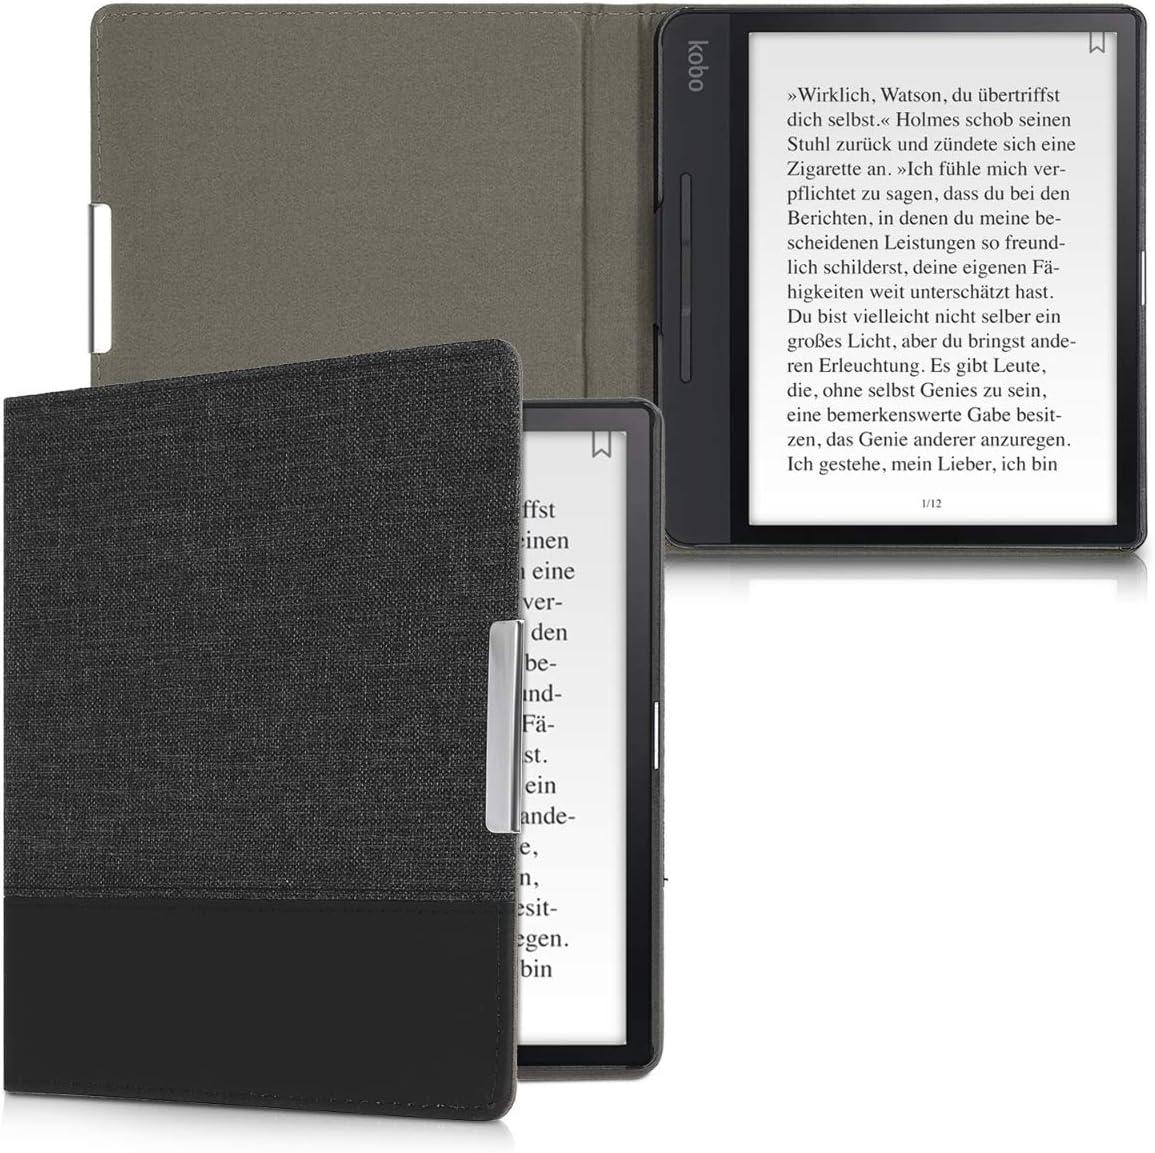 Kwmobile Kobo Forma Protective Cover Case For Kobo Elektronik
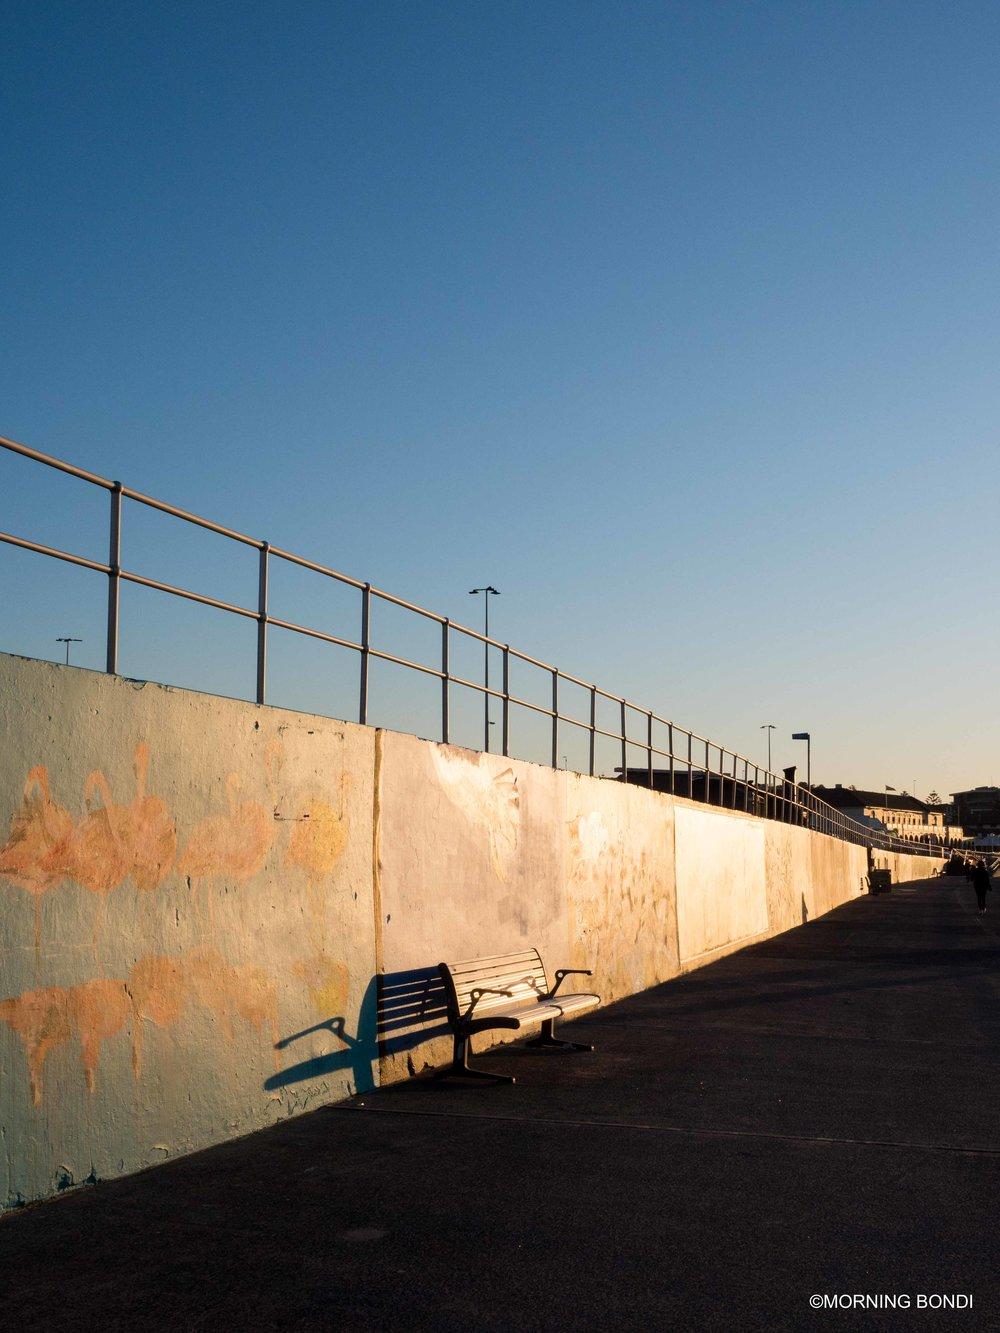 The iconic graffiti wall
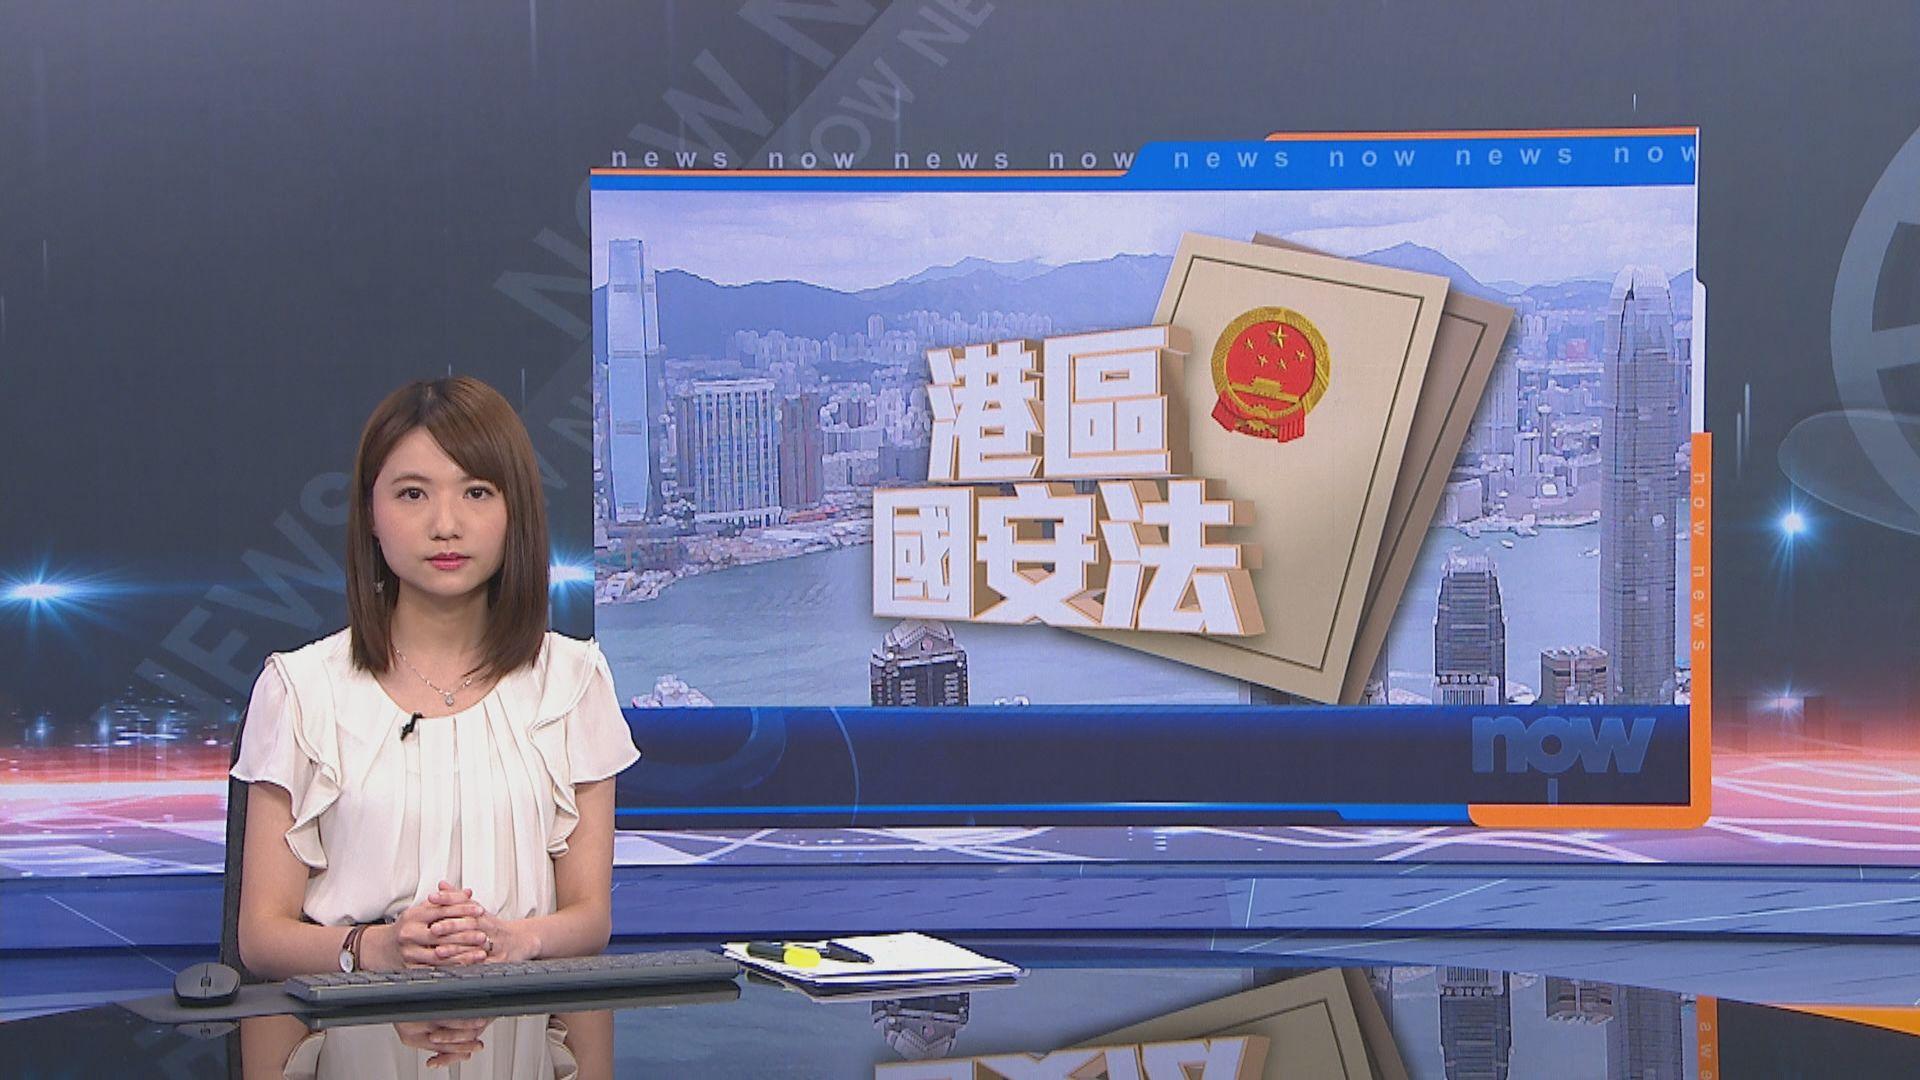 美國國家安全委員會:會採取強硬措施 對付危害香港自由及自治的人
◆ ◆ ◆ ◆ ◆ ◆ ◆
→ WORK INSTRUCTION
From the material above, write out exactly the lines from the line with "The iconic graffiti wall" through the closing line, inclusive, and no pictures.

→ ANSWER SECTION
 The iconic graffiti wall
 美國國家安全委員會:會採取強硬措施 對付危害香港自由及自治的人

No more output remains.